When we enter a medical college as students, we are encountered with many medical terms that we struggle to memorise initially, but these can be funny: ‘artery’ seems to be some kind of a drawing art, ‘terminal illness’ sounds like an airport terminal, ‘vegetative state’ has nothing to do with vegetables, ‘coma’ is not a punctuation mark, and many more.

Taking down family history can be amusing, when the doctor is more ‘honest’ compared to the patient or there can be an awkward situation due to a misinformed patient or his/her attendant. Once an intern in the past history sheet column wrote that the patient was in ‘a good state of health until he banged his car against a tree on the side of the road’. Another budding doctor wrote in the psychiatric illness column that there is ‘no past history of suicides’.

Sometimes, we encounter patients with an extraordinary sense of humour. I recall an incident during my internship days, when a senior consultant surgeon was examining a gentleman who had complained of ‘prostatism’. The doctor had to examine the patient’s rear. For this, he had to relax it and deliberately asked some random questions to divert the attention of the patient.

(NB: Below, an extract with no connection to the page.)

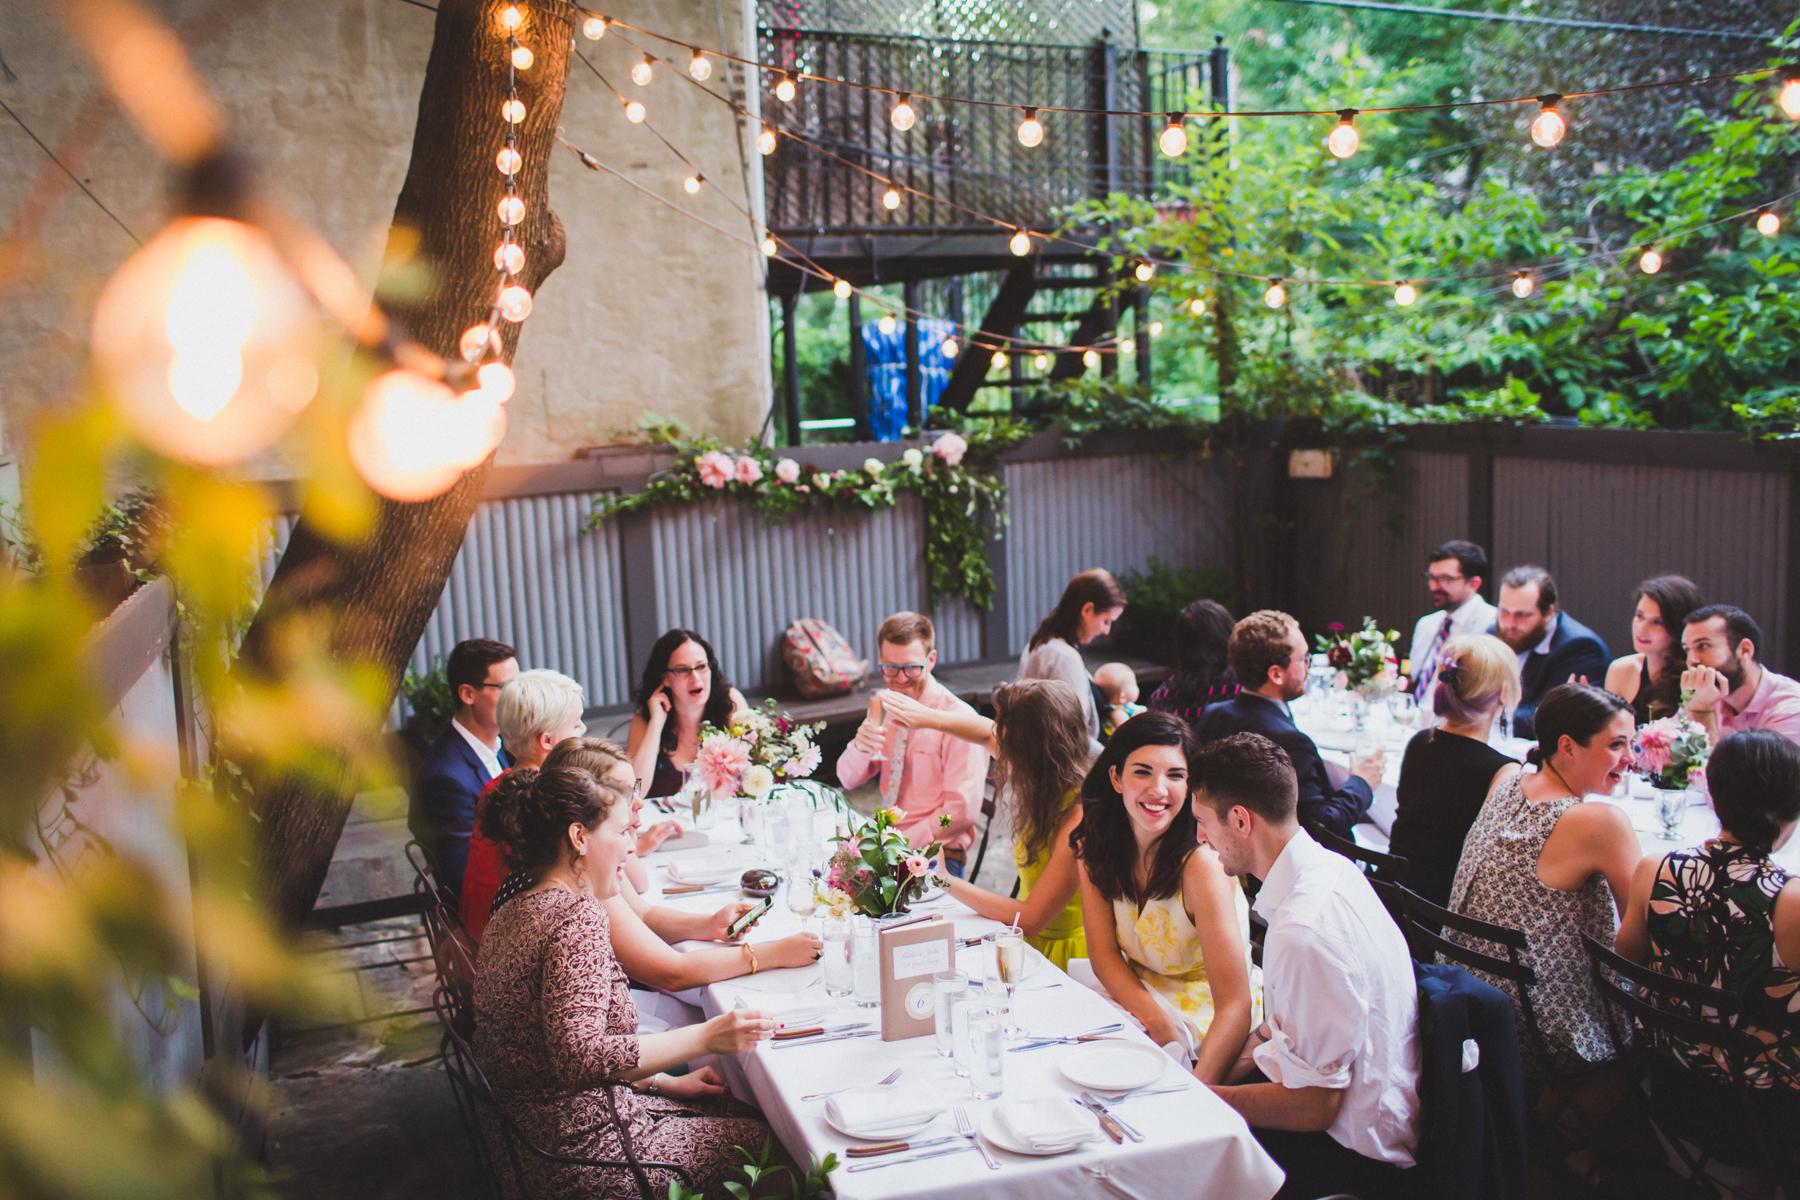 ICI-Restaurant-Fort-Greene-Brooklyn-Intimate-Documentary-Wedding-Photography-Elvira-Kalviste-85.jpg

This is how the conversation went: ‘Babaji, kitne bachche hain?’ 

‘Do ladke, teen ladkiyan,’ replied the elderly man.

‘Bidi-cigarette peete ho?’ enquired the doctor.

‘Dhuan aa raha he kya?’ the man retorted! 

There was pin-drop silence for a while as the consultant stared at the patient for a few seconds. The team of juniors in the hierarchy was turned at once out of the room... they were laughing so hard!

Another funny incident was encountered during my internship days at the ENT OPD. A middle-aged woman came to the doctor for a follow-up. She showed the vial of ear drops to the consultant, saying that she was relieved of her earache, but the drops tasted bitter. Looking at the satisfaction and feeling of contentment on her face, nobody could gather the courage to tell her that she had taken the medicine via the wrong route.